──────── DATA EXTRACT
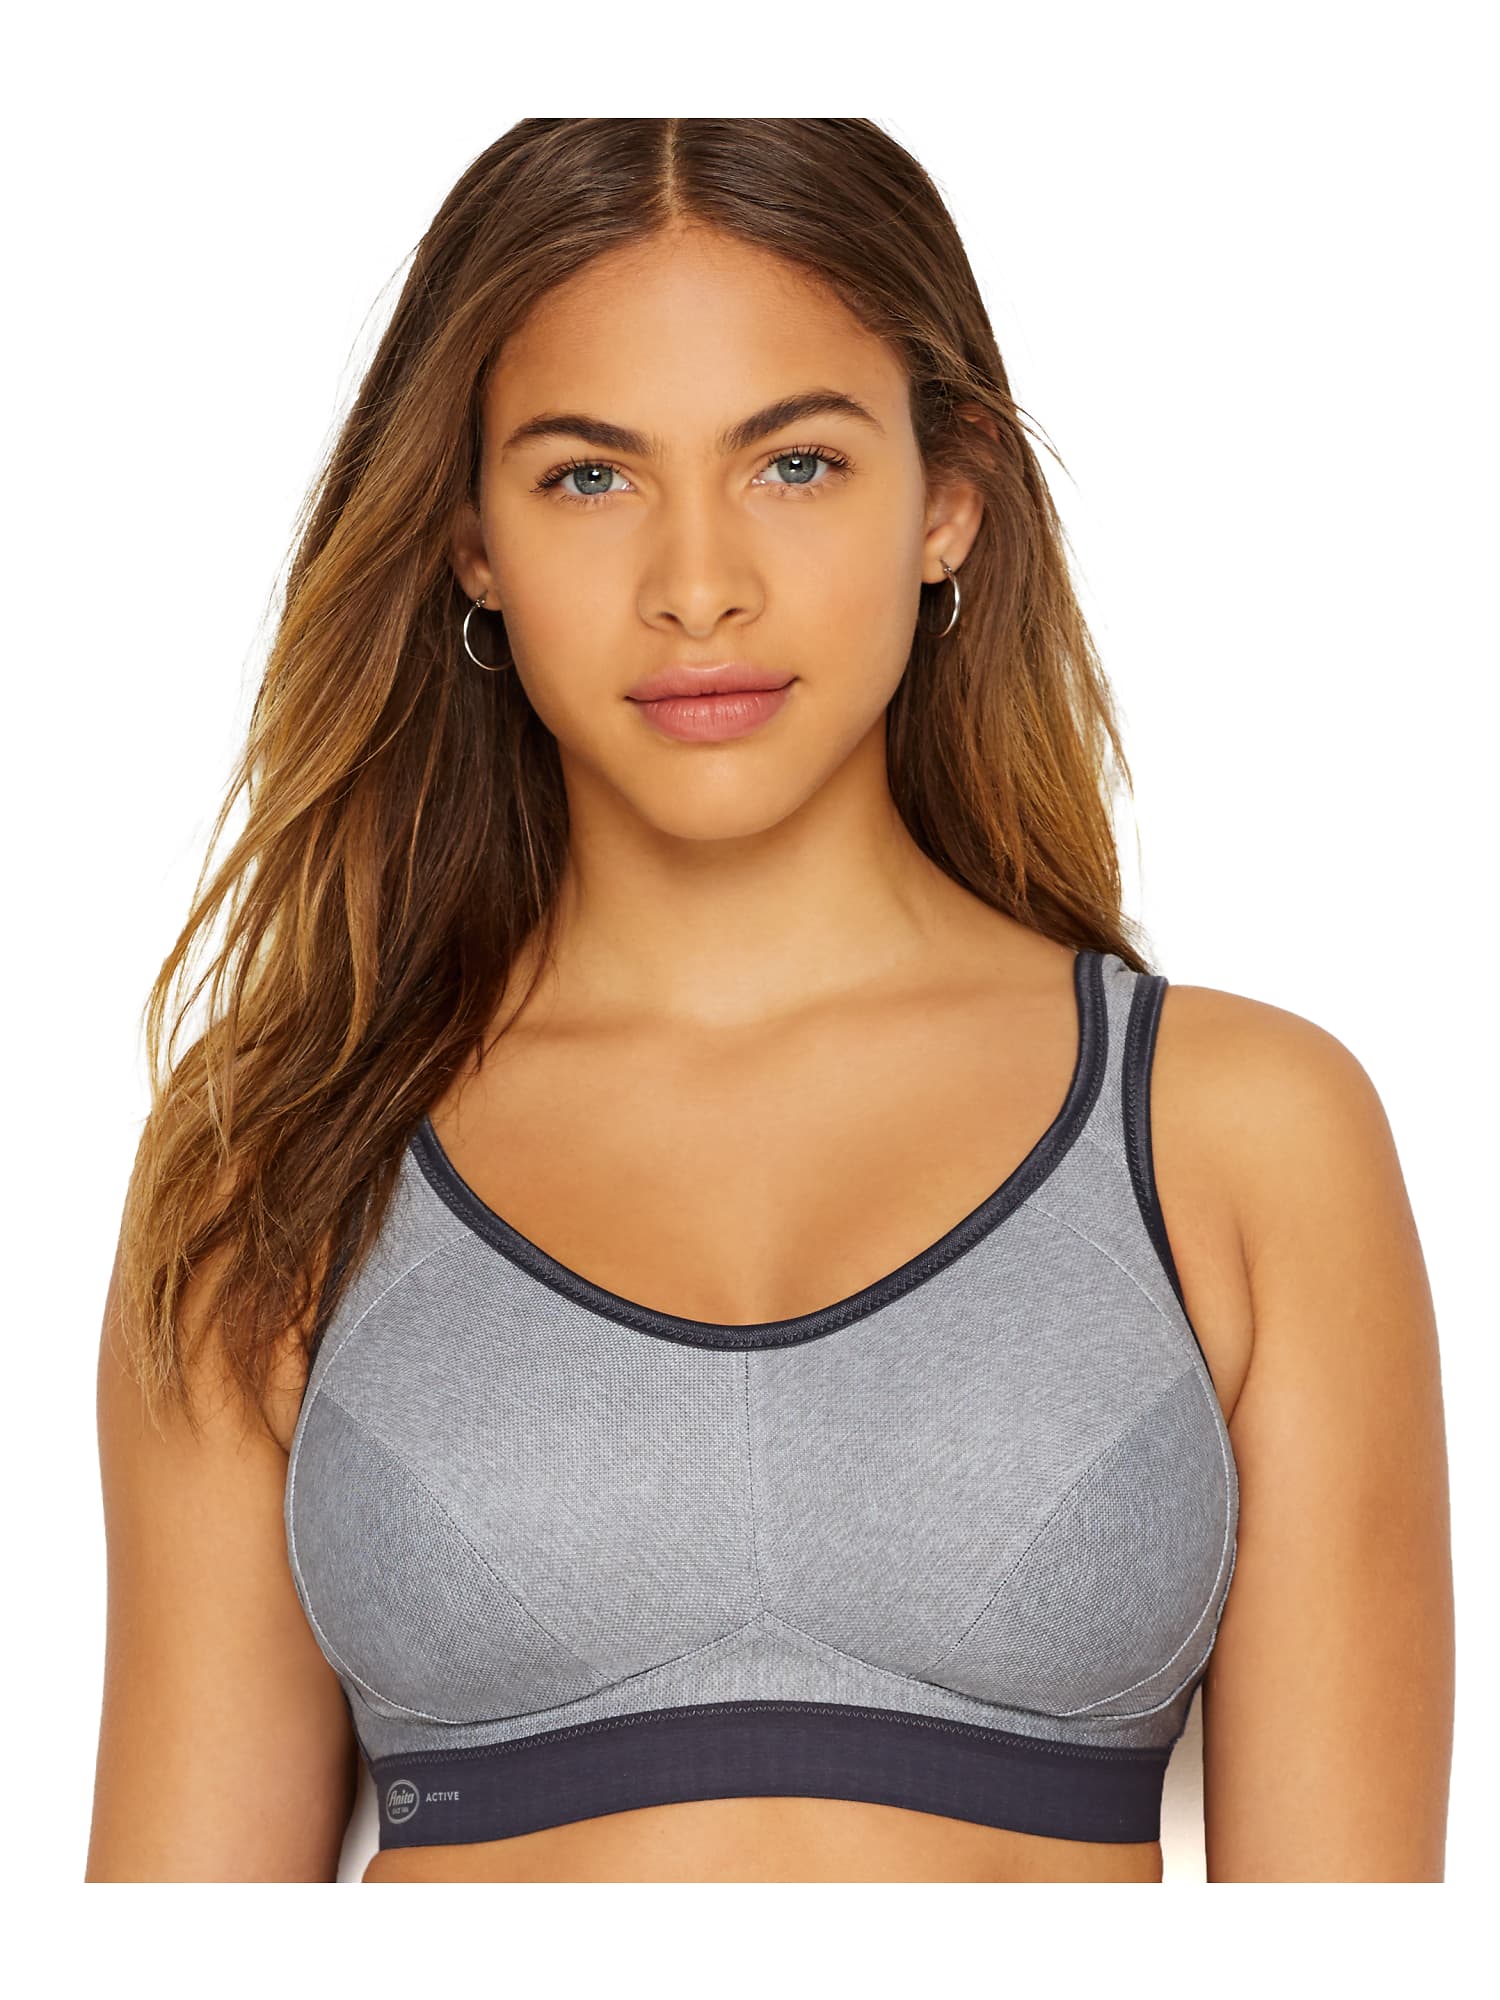 Active Maximum Support Wire Free Sports Bra Heather Grey 40F by Anita
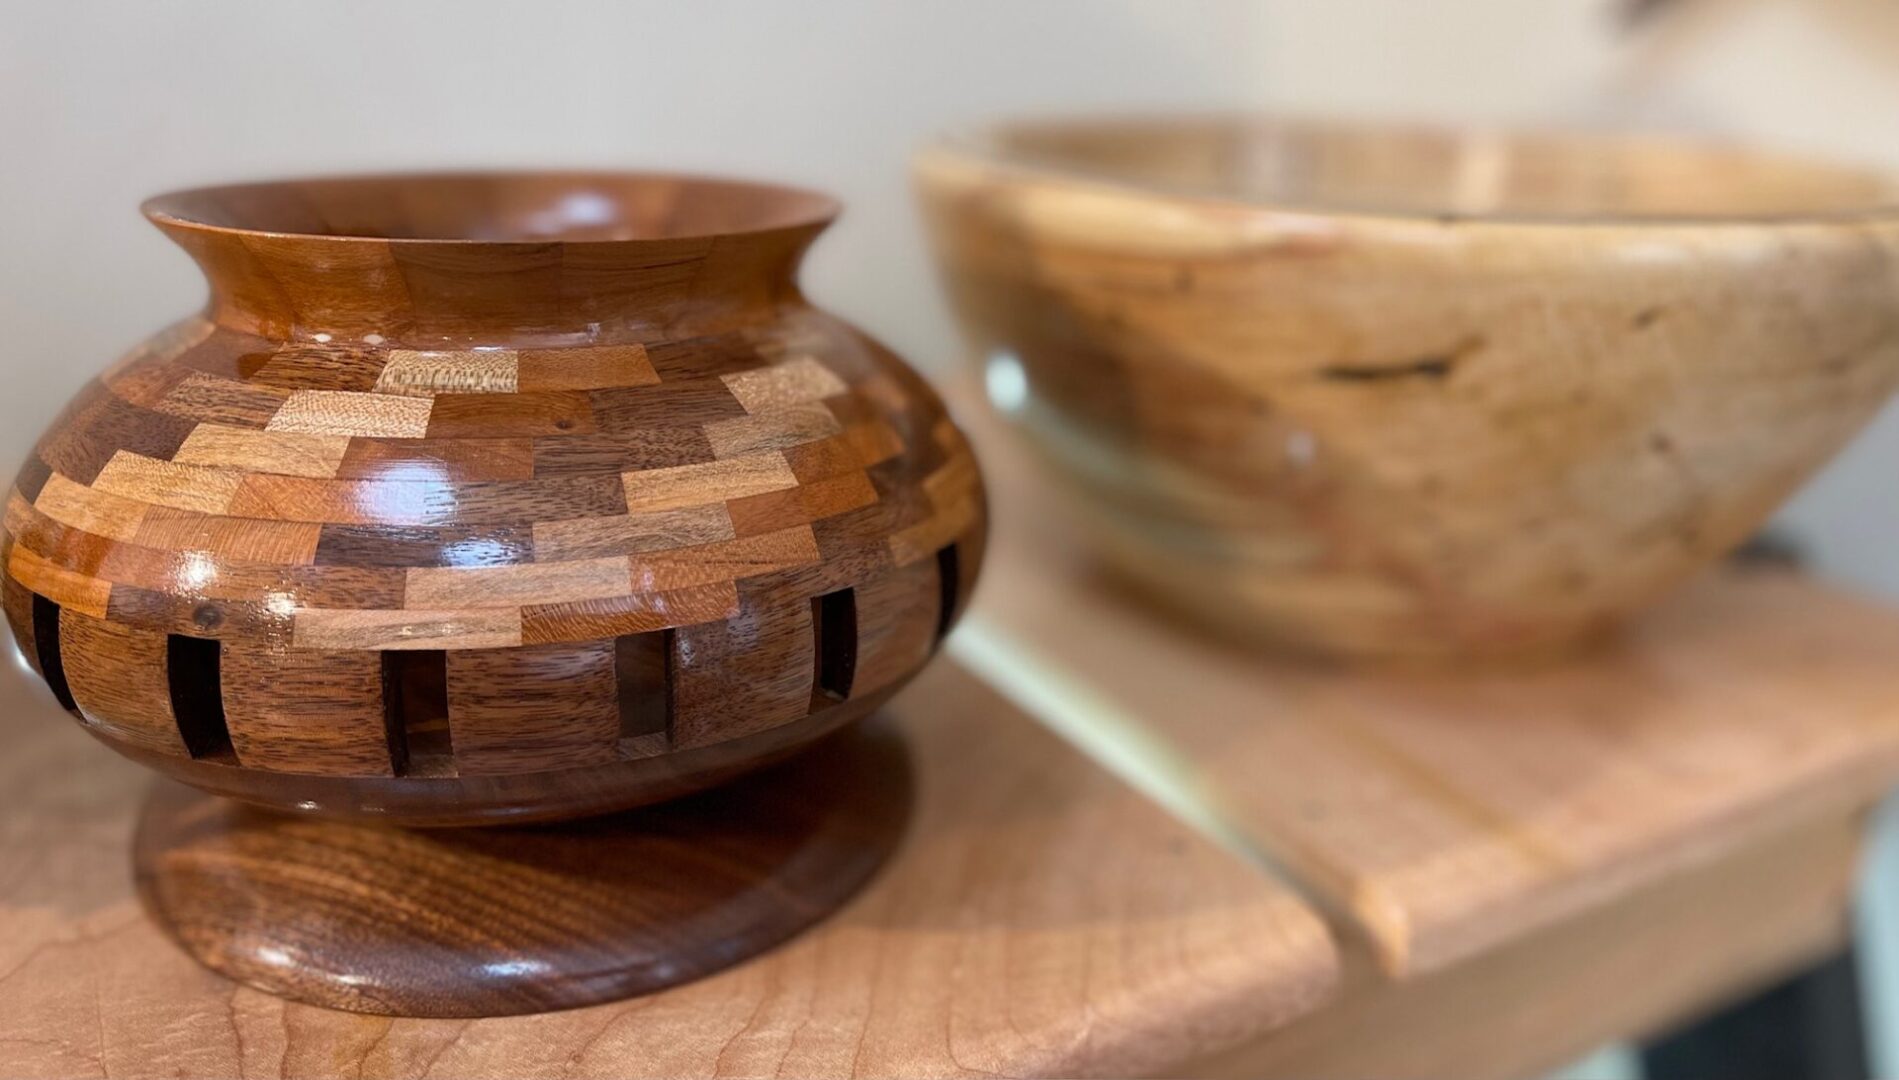 Two wooden bowls on top of a wooden table.
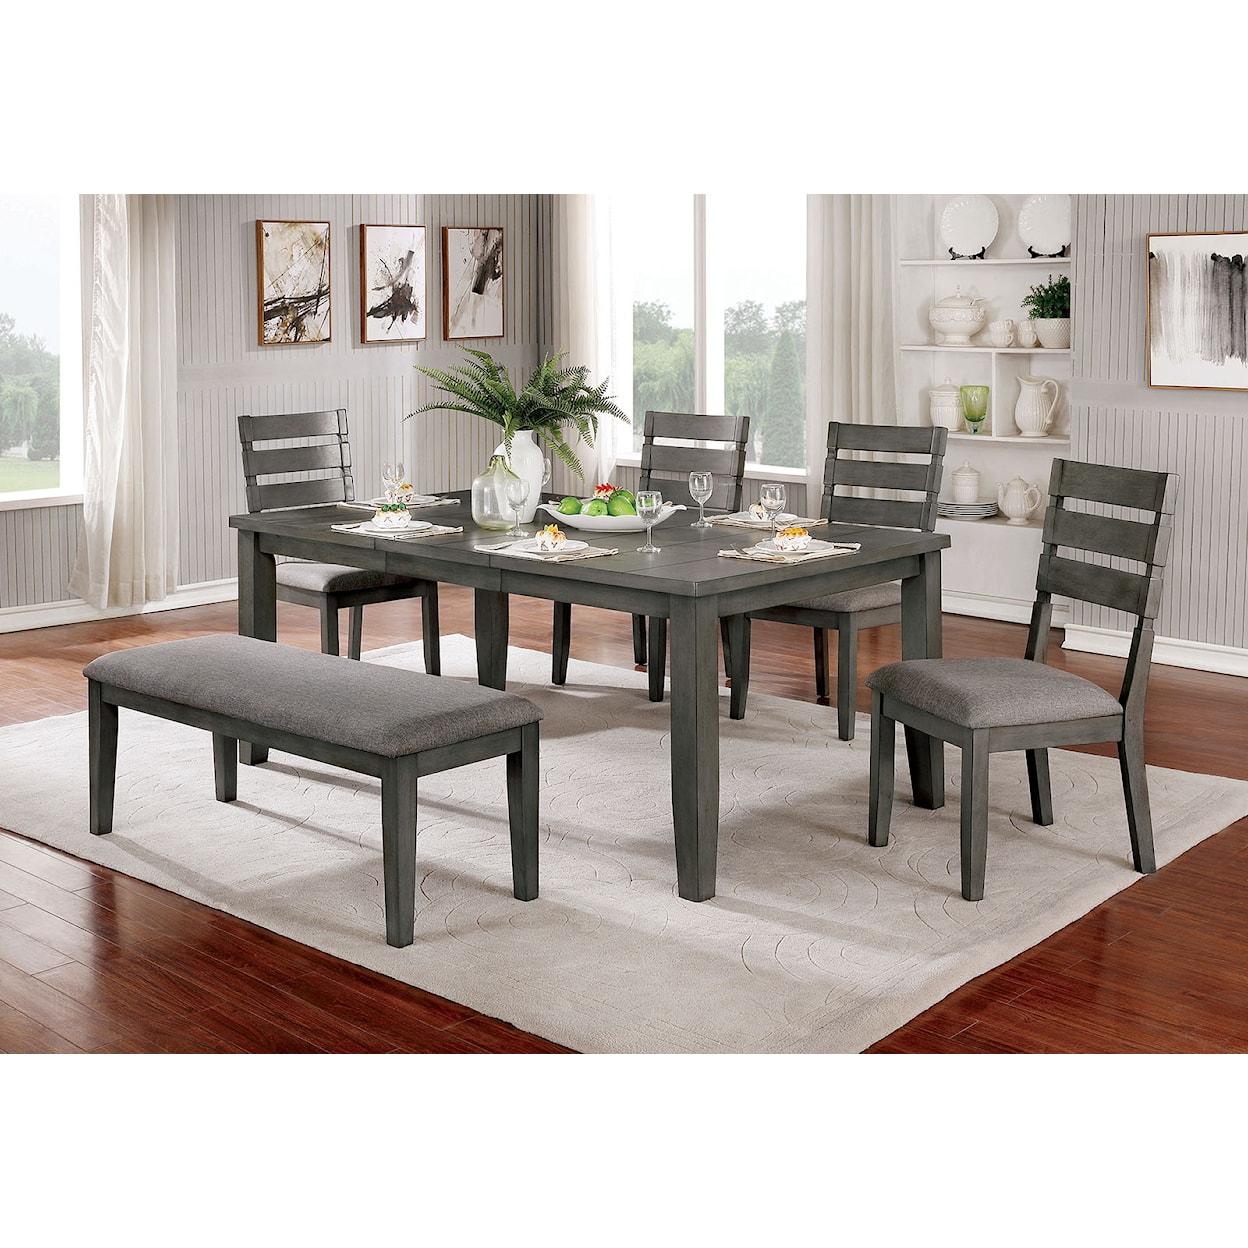 Furniture of America Viana Dining Table
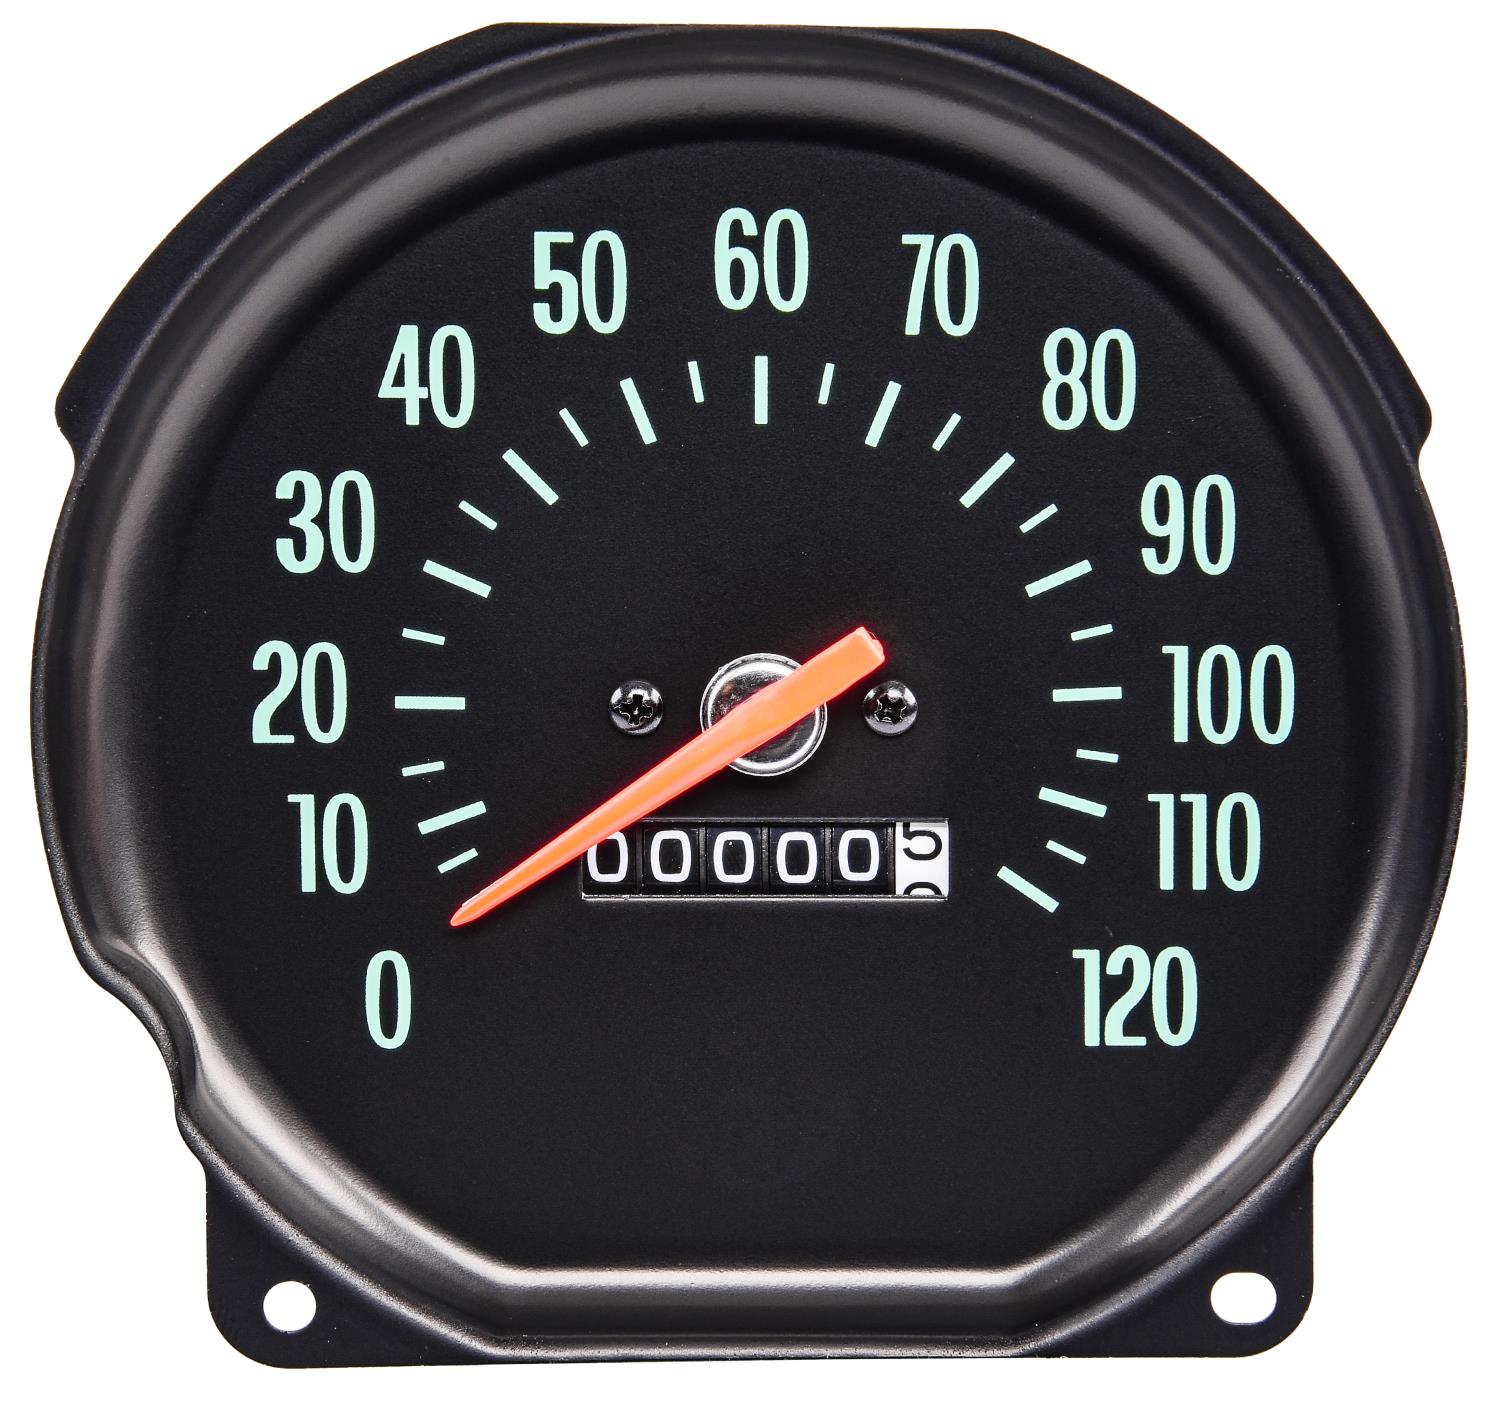 Factory Style Speedometer for 1970 Chevrolet Chevelle, El Camino and Monte Carlo with SS Dash and Floor Shift [0-120 MPH]
────────────────
◆ EXERCISE DESCRIPTION: With the pictures left out, transcribe the material exactly.

◆ SOLVED PROBLEM:
 Active Maximum Support Wire Free Sports Bra Heather Grey 40F by Anita
 Two wooden bowls on top of a wooden table.
 Furniture of America Viana Dining Table
 Factory Style Speedometer for 1970 Chevrolet Chevelle, El Camino and Monte Carlo with SS Dash and Floor Shift [0-120 MPH]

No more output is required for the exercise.